Dalelorenzo's GDI Blog

Education in Ghana: the North/South Divide

Education in GhanaThere is a stark difference in education in Ghana between the northern and southern regions. Eighteen-year-old Kelvin Odartei lives in southern Ghana and recently became the first car-owner in his community. However, Kelvin's kinfolk in the northern regions of Ghana had no such chances. Despite a renowned standing in Africa due to its natural opulence, Ghana struggles with shielding educational infrastructure in northern spheres. Politics in northern parts have curbed learning alternatives. But today, things have changed.

History of the North/ South Divide

Ghana was the first African country to gain its independence from British colonial power. Kwame Nkrumah headed the country to independence on March 6, 1957, while he worded Pan-African organizations throughout the continent. Nkrumah headed successful efforts to expand literacy in Ghana. His administration built and money several schools across the southern regions. As a cause, numerous southern areas have an improved person of young adults.

However, that was not the case in northern Ghana. Sources indicate that the Nkrumah organisations neglected the northern regions’ educational system in the 1960 s due to tribal-nationalist conflicts that developed alongside the post-colonial governing campaigns. As quoted by President Nkrumah’s commentators, “We were hoping that when Ghana was independent the recently all-African Government would render the North with all that was required to free the North from ignorance ...[ I] nstead this the Government dominated by Southerners, are doing all they can to keep the Northerners down so that they can use them as servants.” Since then , not many governments have made efforts to increase the quality of education in the northern regions.

For instance, the Sanguli schools in the northern region, founded in 1961, had 500 students with only four professors.
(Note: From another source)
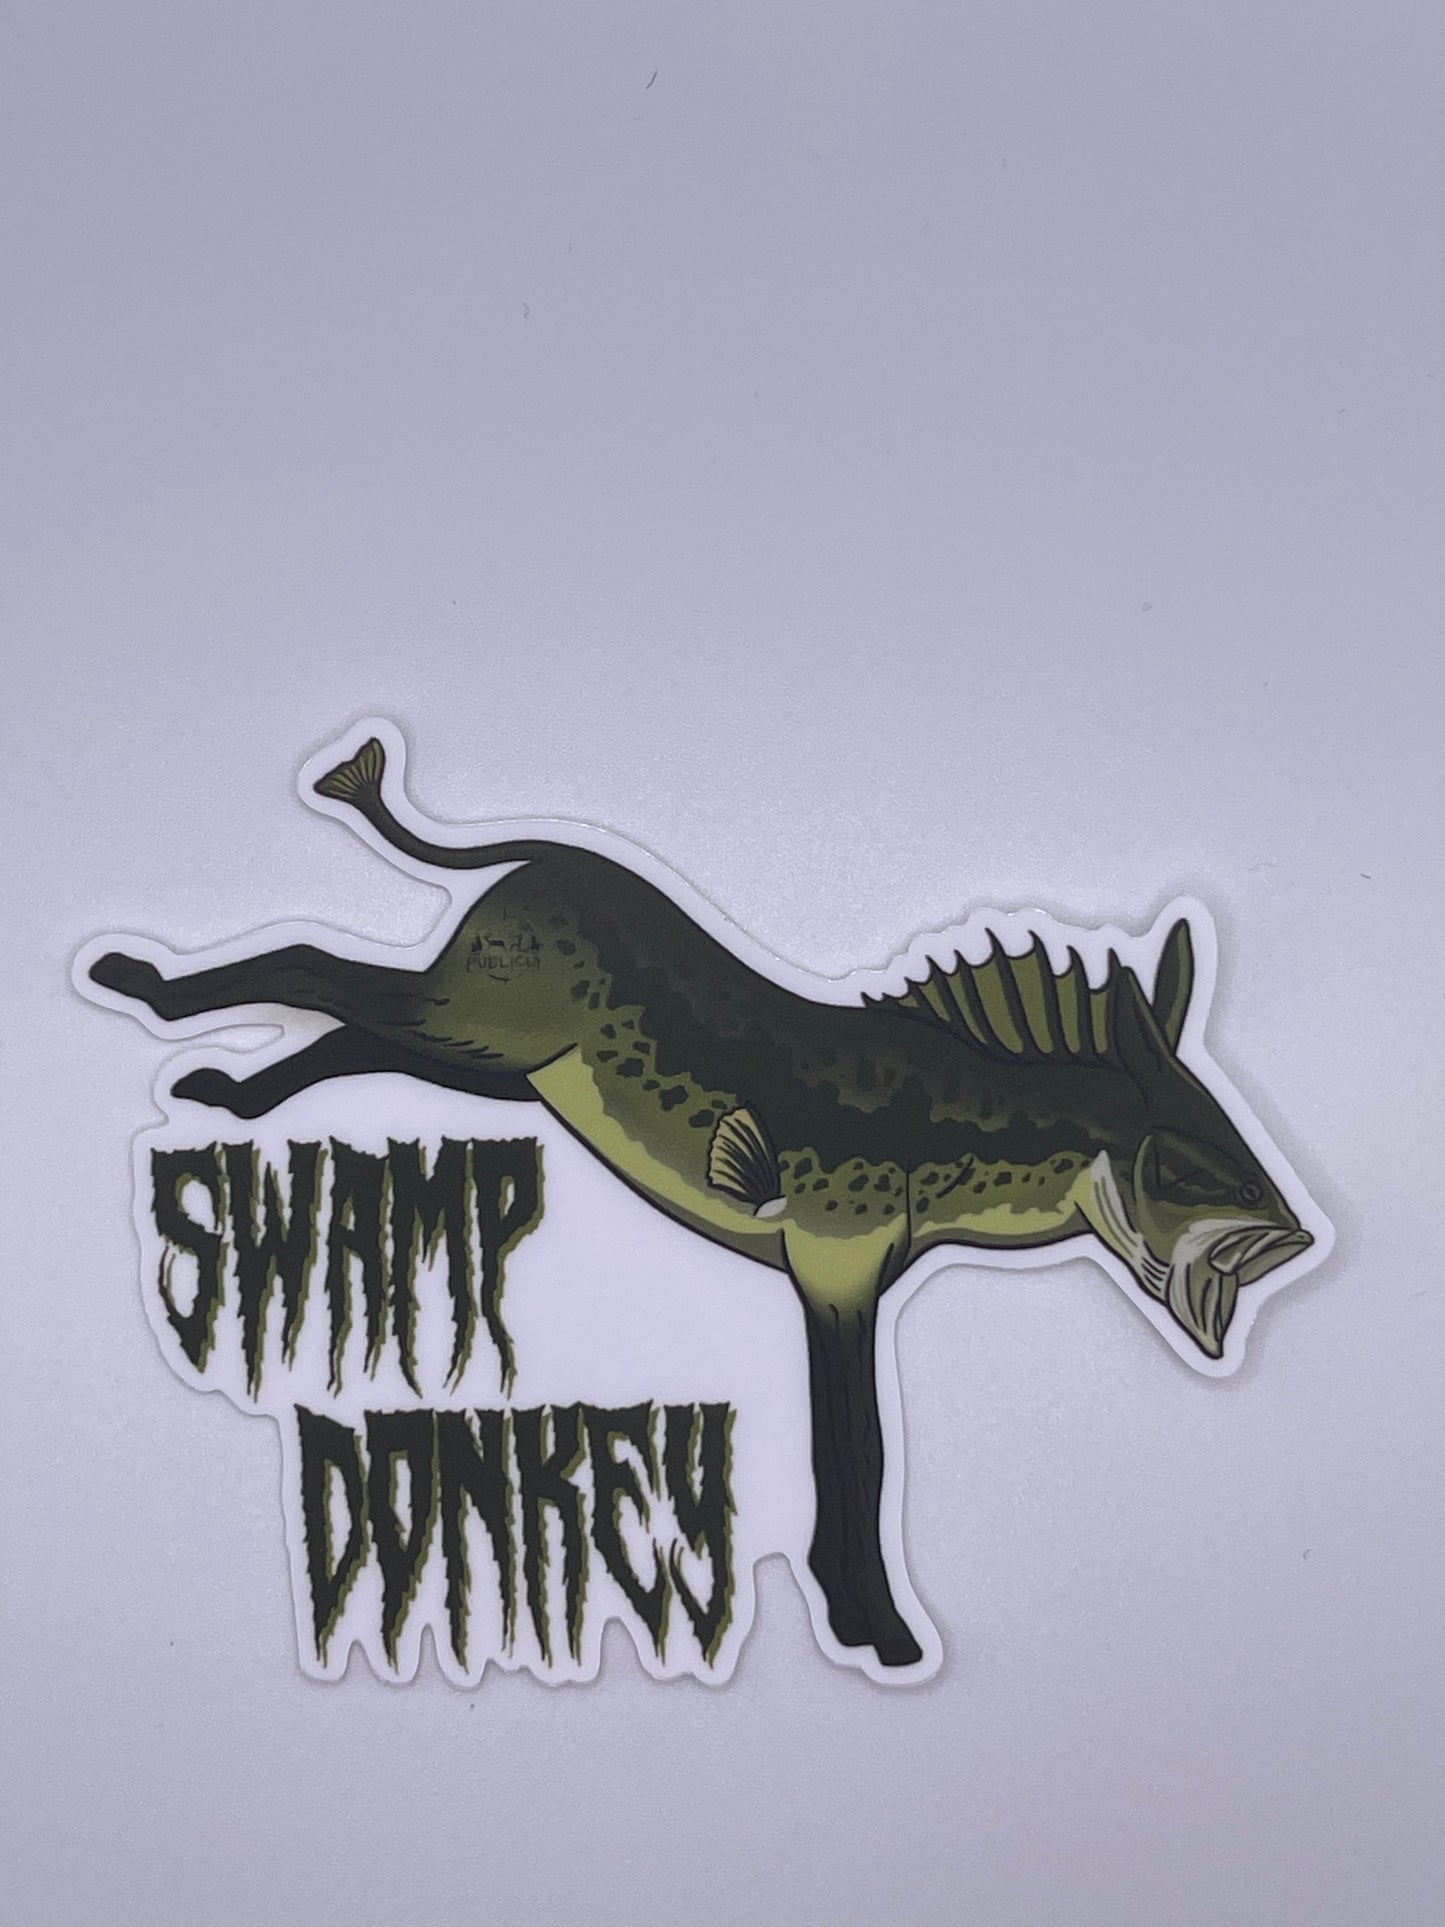 Swamp Donkey sticker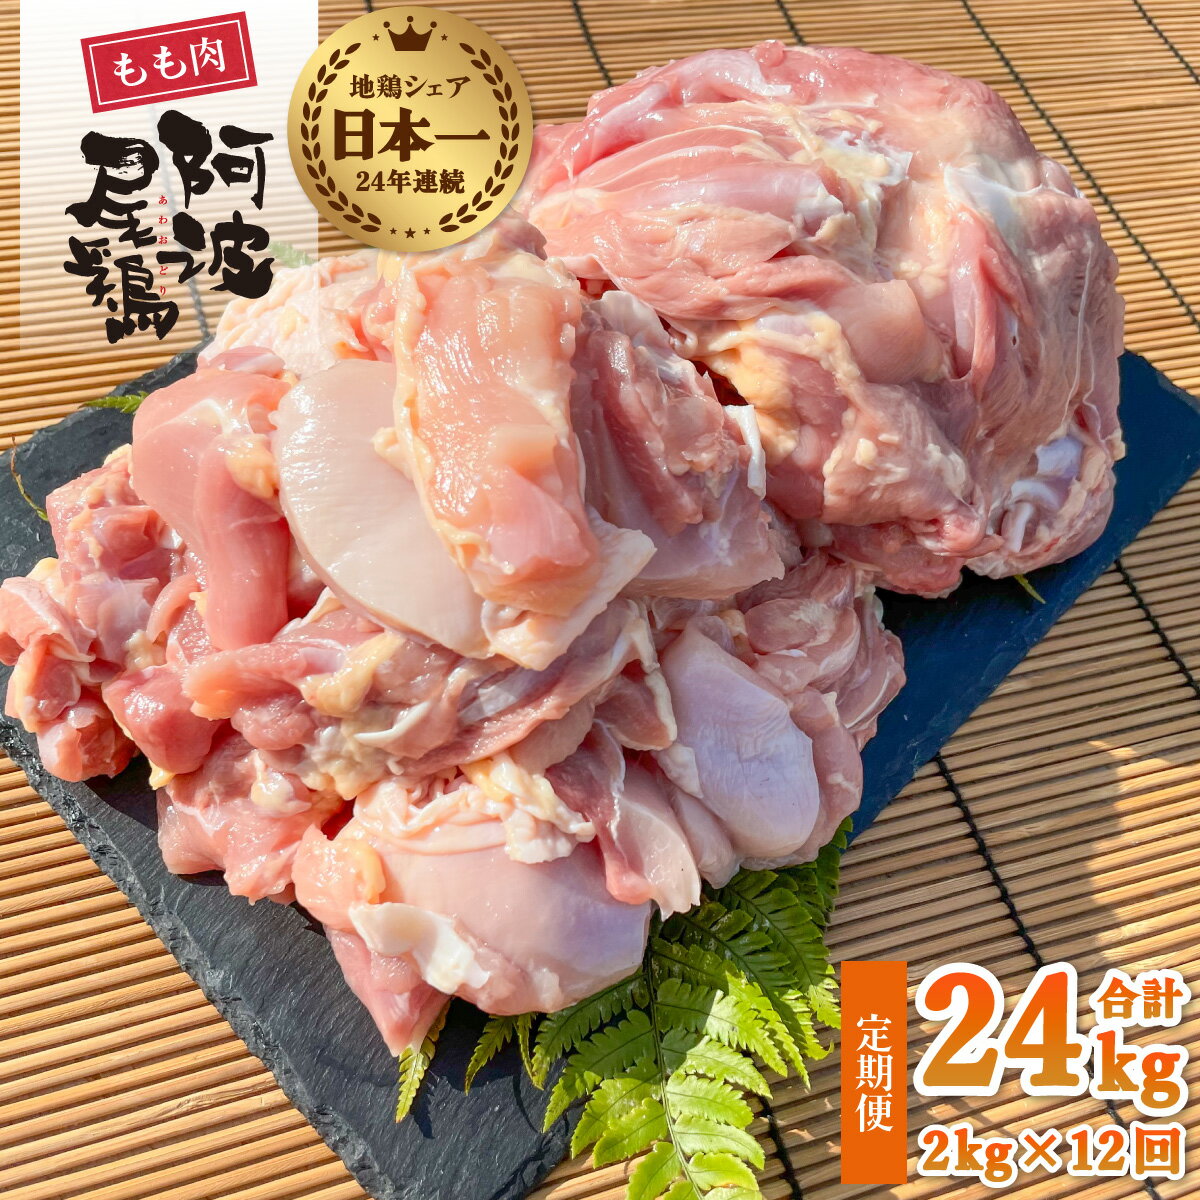 【ふるさと納税】 最高級 地鶏 鶏もも 12ヶ月 定期便 国産 日本一 阿波尾鶏 小分け 約24kg (約2kg×12回) 冷凍 切り身 正肉 あわおどり 鶏もも肉 鶏モモ 鶏モモ肉

The school’s quality and infrastructure were reported to include “inadequate infrastructure, meagre learn staff and lack of information, communication technology, ICT laboratories, as well as libraries.” As a develop, the privation rate has remained alarmingly high-pitched, distributed according to concerned residents.

Lack of resources and budgets has also resulted in poor educational settings- students were forced to sit on the floor, potholes inside the classroom had published health and safety concerns, mothers reported students experiencing forced labor in teachers’ farms in exchange for school fees.

2017 and Beyond

Things took a turn in 2017 as Ghana’s current president Akufo-Addo ensured that all regions will have newly constructed schools and equips. “There will be no admission fees , no library costs ... no test costs .... There will be free textbooks, free boarding and free meals.” You can learn more about recent reforms for education in Ghana here.

U.S.-founded MCC( Millenium Change Corporation) has money over$ 9 million for Ghana’s educational sector. This includes money toward the construction of 221 schools in north, and southern Ghana. Furthermore, since 2007, MCC has attained groundbreaking “investments in education infrastructure[ which] would lead to improved clas access. Improved school outcomes would lead to poverty reduction through financial growth.”

Today, Ghana has one of the highest investments in education with “3 0% of the government budget on the educational sector” and 11% of the country’s GDP invested in public class. Because of the increased educational infrastructure, young students like Kelvin can feel confident that Ghana can carry their own future dreams. You can learn more from the Borgen Project about education in Ghana here and here.

- Ayesha Swaray

Photo: Flickr

The post Education in Ghana: the North/ South Divide materialized first on The Borgen Project.